A Tulkarem, trois résistants [8]ont été assassinés dans le camp de réfugiés. Blessés par les troupes israéliennes qui avaient envahi le camp, ils ont été achevés, au sol, par des balles dans la tête, le torse et le cou. Ils avaient 18ans.

A Jénine un homme, militant des Brigades Al Aqsa, Jamal Hussein, 28 ans, a été assassiné quand les troupes israéliennes qui l’encerclaient ont détruit sa maison alors qu’il était à l’intérieur. Son frère a été tué dans un assassinat extra judiciaire le 7 novembre 2004 [9].

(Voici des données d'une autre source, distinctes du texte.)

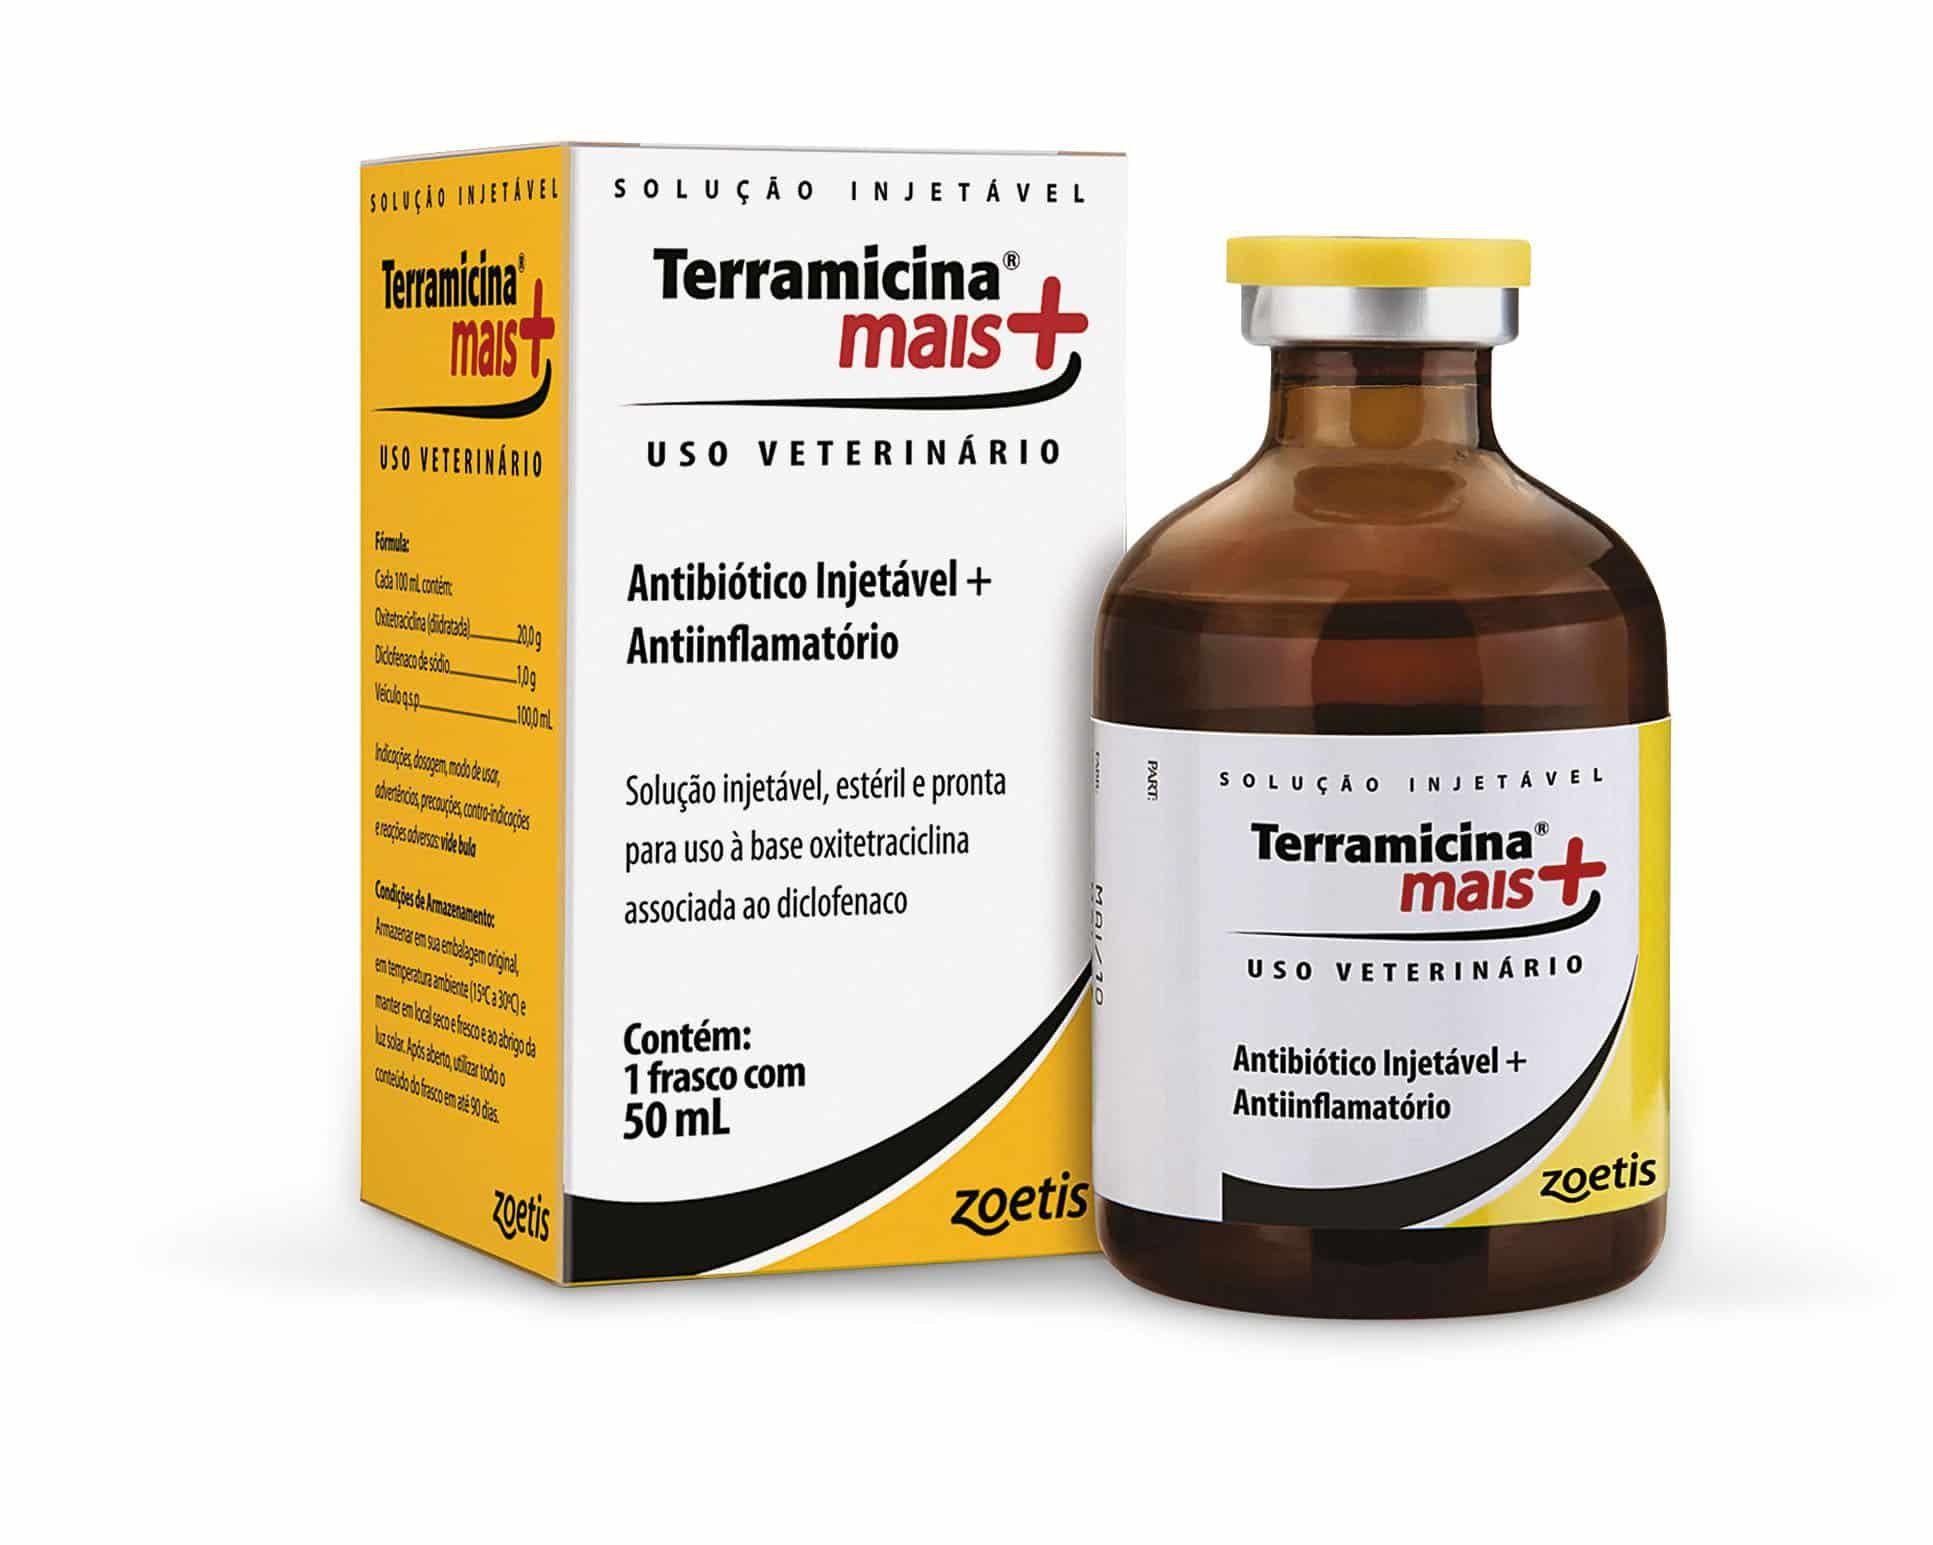 TERRAMICINA_MAIS ANTIBIÓTICO E ANTI-INFLAMATÓRIO INJETÁVEL 50 ML

Alors que le gouvernement Sharon assure qu’il fera tout pour faciliter l’élection présidentielle [10], le PCHR [11] « condamne fermement ces attaques et reste très préoccupé par l’escalade imposée par le gouvernement israélien et ses troupes d’occupation. Les violations par Israël des droits humains, dont les assassinats extra judiciaires, témoignent du mépris d’Israël pour le droit international et le droit humanitaire [12](...) Elles servent à augmenter la tension dans la région et mettent en danger la vie des civils palestiniens. Le PCHR est particulièrement indigné par le moment où ces attaques ont lieu, au tout début de la campagne officielle pour la présidentielle. De telles attaques servent à affaiblir le processus démocratique en Palestine, car, sous occupation belligérante continue, elles créent un environnement qui ne peut permettre des élections libres, justes et ouvertes. » [13].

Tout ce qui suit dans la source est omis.